Rechtbank Zeeland-West-Brabant

Datum uitspraak
22 december 2022
Publicatiedatum
21 december 2022
Zaaknummer
BRE 22/127 tm 22/130 en 22/4635
Instantie
Rechtbank Zeeland-West-Brabant
Type
Uitspraak
Procedures
  • Eerste aanleg - enkelvoudig
Vindplaatsen
  • Rechtspraak.nl
AI samenvatting door LexboostAutomatisch gegenereerd

Beoordeling van beroepen tegen uitspraken op bezwaar inzake energiebelasting en opslag duurzame energie- en klimaattransitie

Op 22 december 2022 heeft de Rechtbank Zeeland-West-Brabant uitspraak gedaan in de zaken BRE 22/127 tot en met 22/130 en 22/4635, waarbij belanghebbende in beroep ging tegen uitspraken op bezwaar van de inspecteur van de belastingdienst. De rechtbank heeft de beroepen beoordeeld en vastgesteld dat de bezwaren van belanghebbende tegen de in rekening gebrachte energiebelasting en opslag duurzame energie- en klimaattransitie niet-ontvankelijk zijn verklaard.
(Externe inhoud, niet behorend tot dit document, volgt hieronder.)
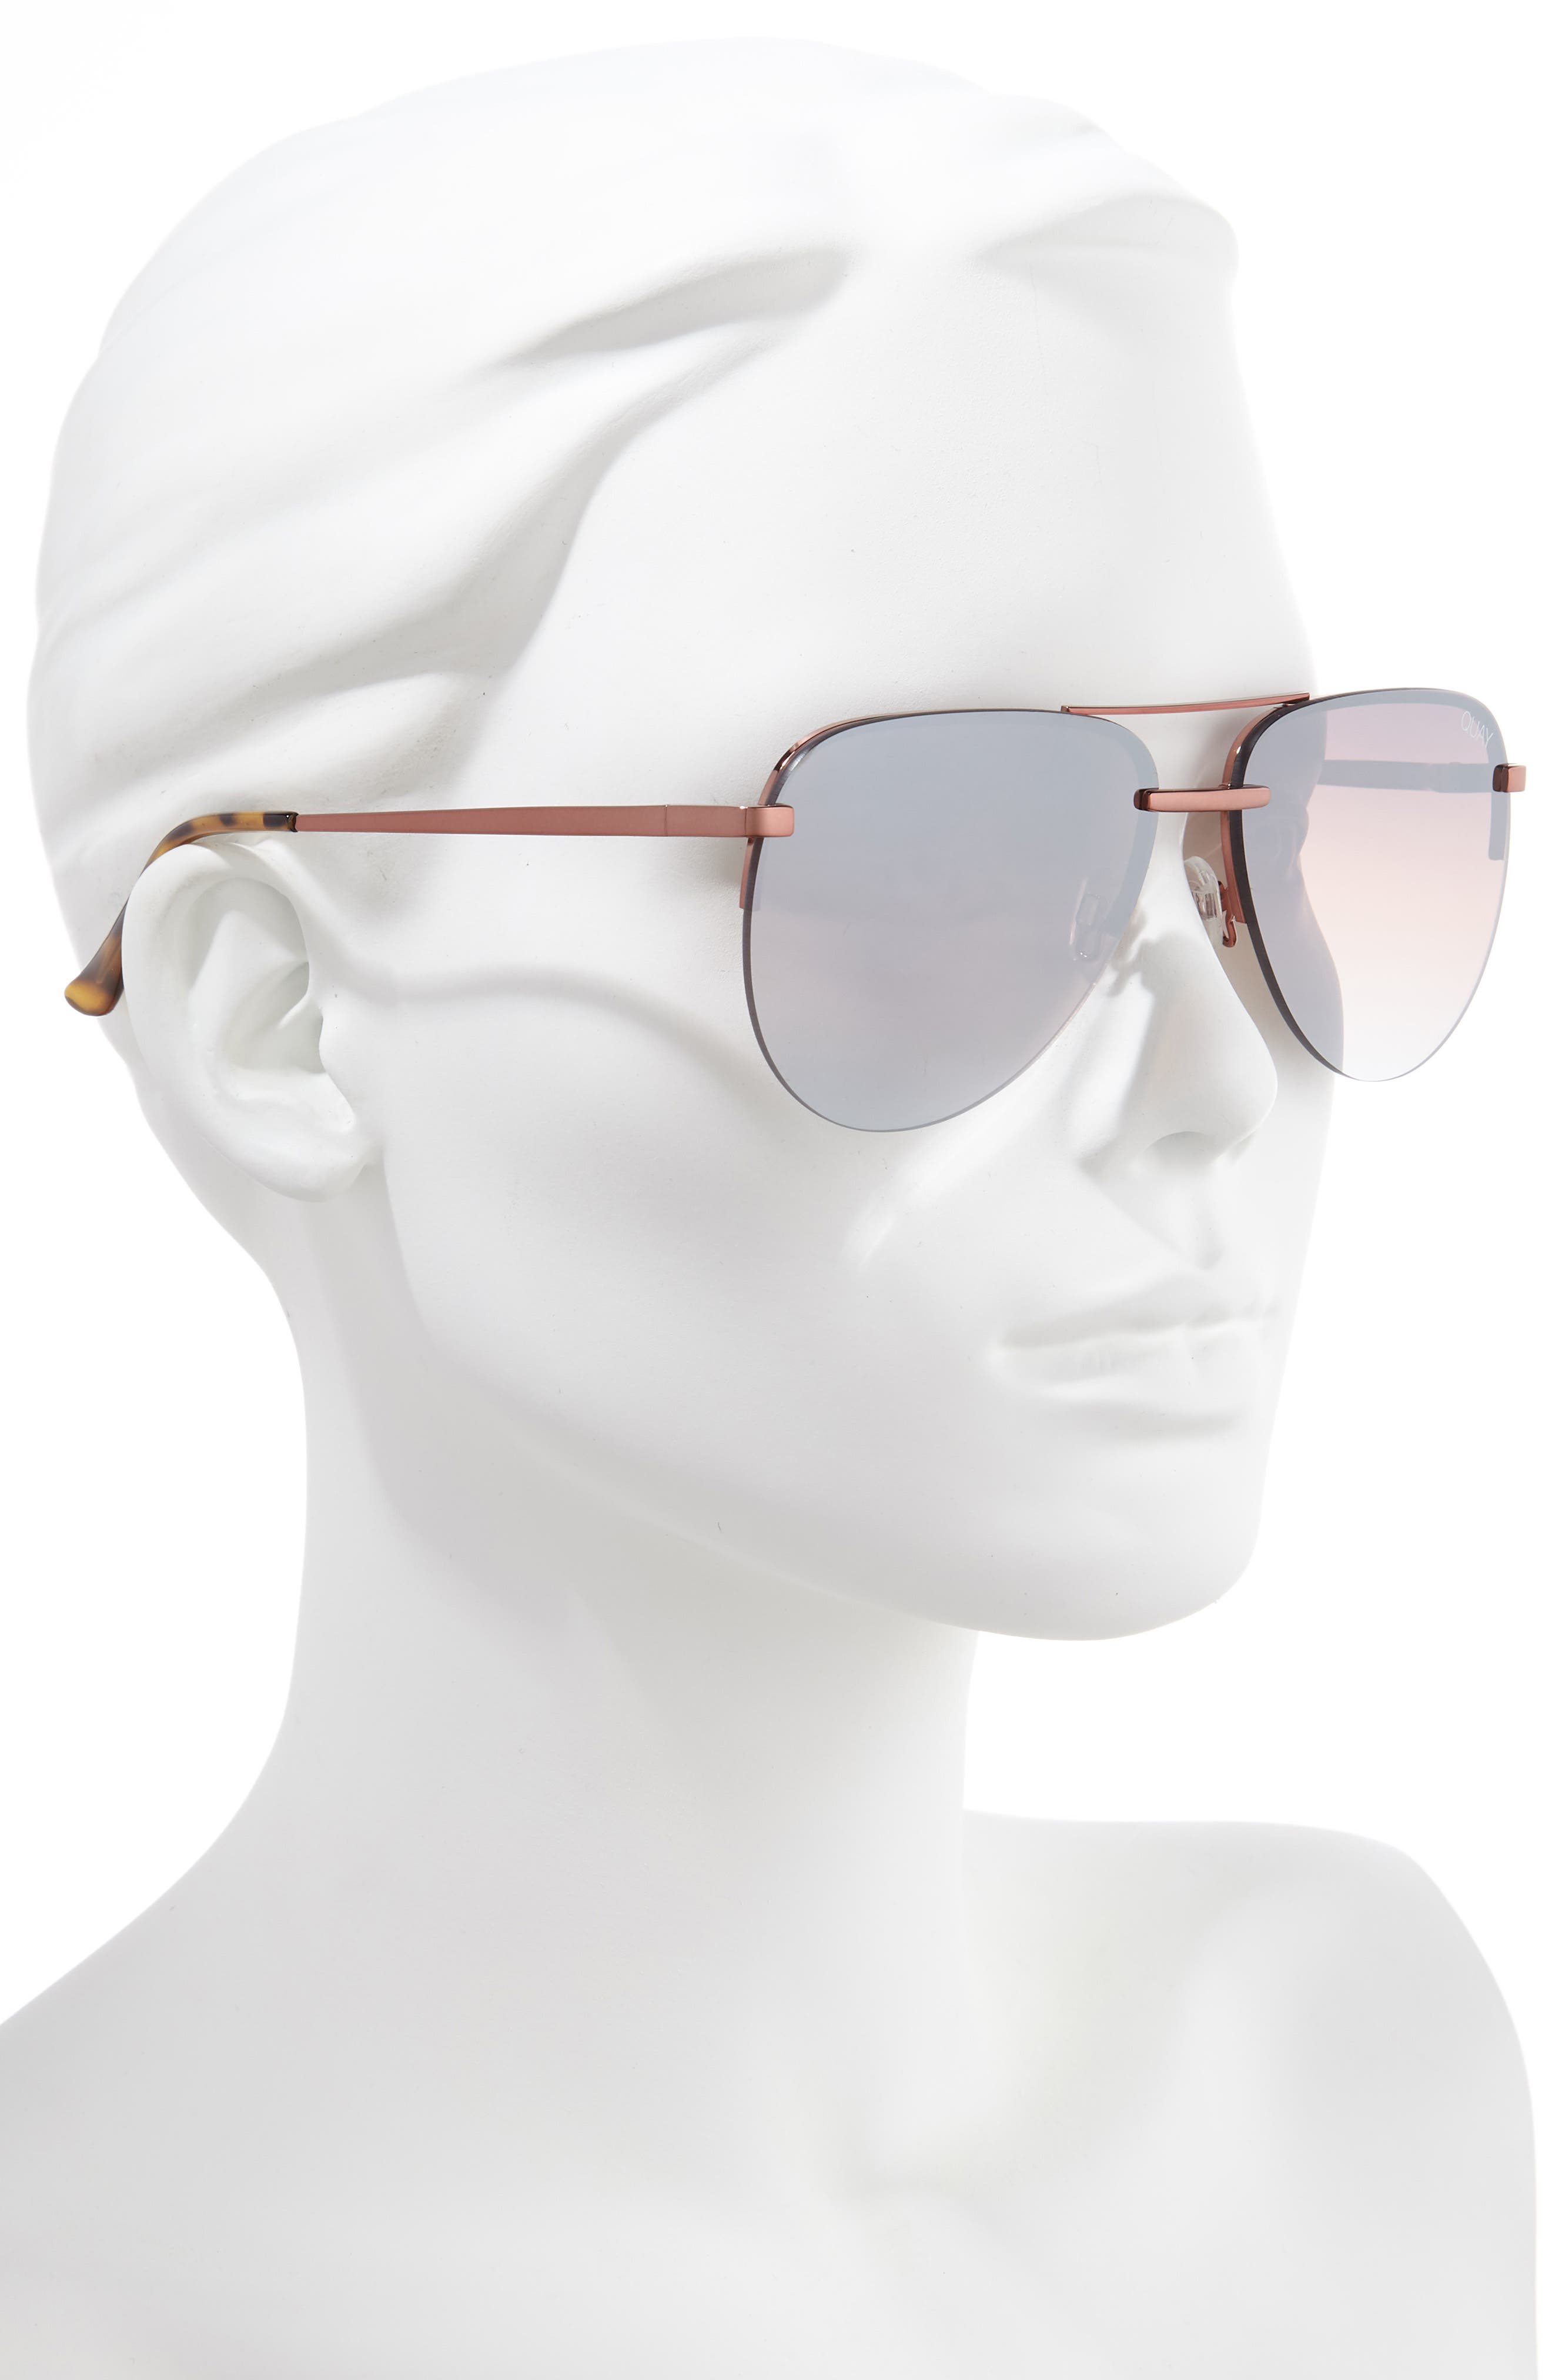 QUAY AUSTRALIA, x JLO The Playa 54mm Aviator Sunglasses, Alternate thumbnail 2, color, BRONZE/ BROWN

Belanghebbende had bezwaar gemaakt tegen de energiebelasting die door een energieleverancier in rekening was gebracht, maar de rechtbank oordeelde dat alleen de energieleverancier als belastingplichtige bezwaar kan maken. Hierdoor kon belanghebbende geen rechtsmiddel aanwenden tegen de belastingheffing.

Daarnaast heeft de rechtbank het verzoek van belanghebbende om teruggaaf van betaalde energiebelasting en ODE afgewezen. De rechtbank concludeerde dat het verzoek niet voldeed aan de vereisten van de Wet belastingen op milieugrondslag (Wbm) en dat belanghebbende geen recht had op teruggaaf. Ook de vordering tot dwangsommen werd afgewezen, omdat de rechtbank oordeelde dat de bezwaren kennelijk niet-ontvankelijk waren en er geen dwangsom verschuldigd was. Tot slot werd het verzoek om immateriële schadevergoeding wegens overschrijding van de redelijke termijn afgewezen, omdat de redelijke termijn niet was overschreden. De rechtbank verklaarde de beroepen ongegrond, waardoor de uitspraken op bezwaar in stand blijven en belanghebbende geen teruggaaf van energiebelasting en ODE ontvangt.

Uitspraak

RECHTBANK ZEELAND-WEST-BRABANT

Zittingsplaats Breda
Belastingrecht
zaaknummers: BRE 22/127 tot en met 22/130 en 22/4635
uitspraak van de enkelvoudige kamer van 22 december 2022 in de zaak tussen
[belanghebbende], uit [woonplaats], belanghebbende
en
de inspecteur van de belastingdienst, de inspecteur.

1.Inleiding en feiten

1.1.
In deze uitspraak beoordeelt de rechtbank de beroepen van belanghebbende tegen de uitspraken op bezwaar van de inspecteur van 22 januari 2022 (
BRE 22/127 en 22/128), 10 december 2021 (
BRE 22/129), 16 december 2021 (
BRE 22/130) en 16 september 2022 (
BRE 22/4635).
1.2.
Aan belanghebbende is door een energieleverancier energiebelasting en opslag duurzame energie- en klimaattransitie (ODE) in rekening gebracht bij facturen van 1 januari 2021, 1 april 2021, 1 mei 2021 en 1 september 2021. Belanghebbendes bezwaren tegen de in rekening gebrachte energiebelasting zijn door de inspecteur niet-ontvankelijk verklaard (
BRE 22/127 tot en met 22/130).
1.3.
Belanghebbende heeft middels indiening van het formulier ‘Verzoek Teruggaaf energiebelasting, belasting op leidingwater, kolenbelasting en opslag duurzame energie- en klimaattransitie’ (het formulier) en een begeleidende brief de inspecteur verzocht om een teruggaaf van betaalde energiebelasting en ODE over de periode van 10 december 2020 tot en met 11 december 2021. De inspecteur heeft het verzoek van belanghebbende afgewezen. Belanghebbendes bezwaar tegen deze beslissing is ongegrond verklaard (
BRE 22/4635).
1.4.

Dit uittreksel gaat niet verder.